地域には子どもを診る医師が少ないという現状があります。声をかけていただければ、少しでもお役に立ちたいと思い、現在は10園ほどの園医を務めています。診療では子どもだけでなく、親御さんとの対話を特に大切にしています。電話では伝えにくいことも、写真を添えて相談していただくことで、不安を少しでも和らげられればと考えています。小児科は子どもの体を診るだけでなく、ご家庭の生活や親御さんの思いを理解することが欠かせません。そのため、子どもが嫌がらずに来院でき、親御さんも安心して相談できる場であることを心がけています。さらに数年前には乳幼児用の視力検査機器を導入し、弱視や斜視を早期に発見できるようにしました。

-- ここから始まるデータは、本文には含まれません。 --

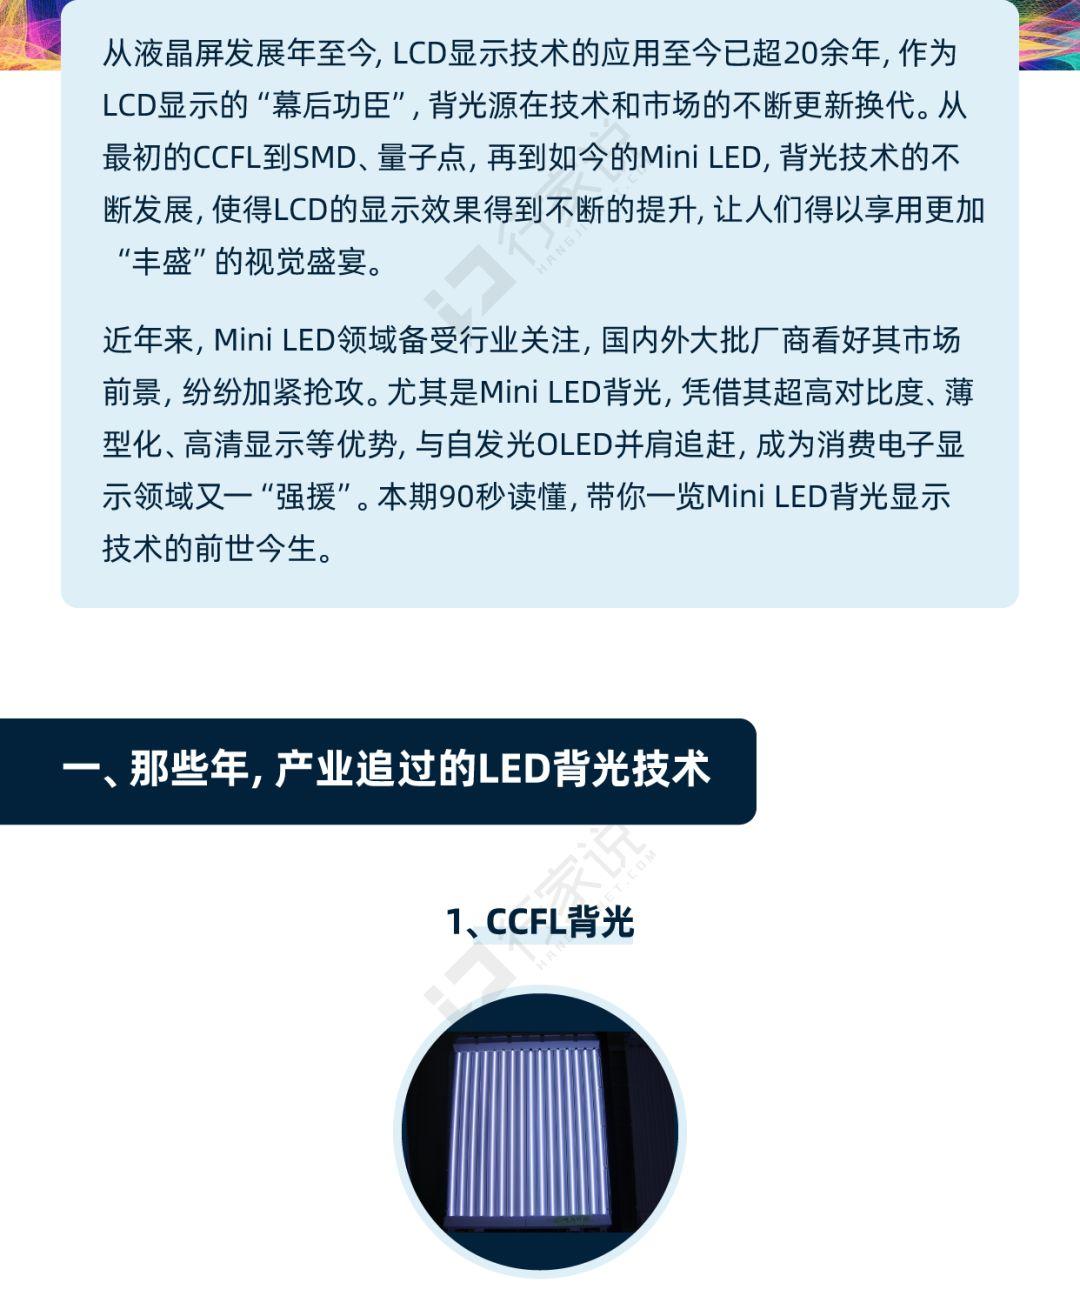 一图读懂:Mini LED背光的前世今生  第2张

地域の子どもたちが健やかに成長できるよう、これからもできる限り力を尽くしていきたいです。
最後に読者へのメッセージをお願いします。

子どもは一人ひとり違いますので、いろいろな人の話を聞くことが大切です。身近に気軽に相談できる大人がいなければ、遠慮せず小児科を利用してください。また、スマートフォンやテレビなどの強い視覚刺激は脳の発達に影響し、「キレやすい」「集中力がない」「無関心」などの問題につながることがあります。子どもがバランス良く脳を発達させられるよう、よく話しかけ、一緒に遊んであげてください。家族が心身ともに健康であれば、子どもも元気に育ちやすいです。仕事や家事で忙しく、子どもに向き合えないと感じることもあるでしょうが、親が一生懸命取り組む姿を子どもは見ています。お母さんお父さんも無理をせず、ご自身の健康に気をつけながら子育てしてくださいね。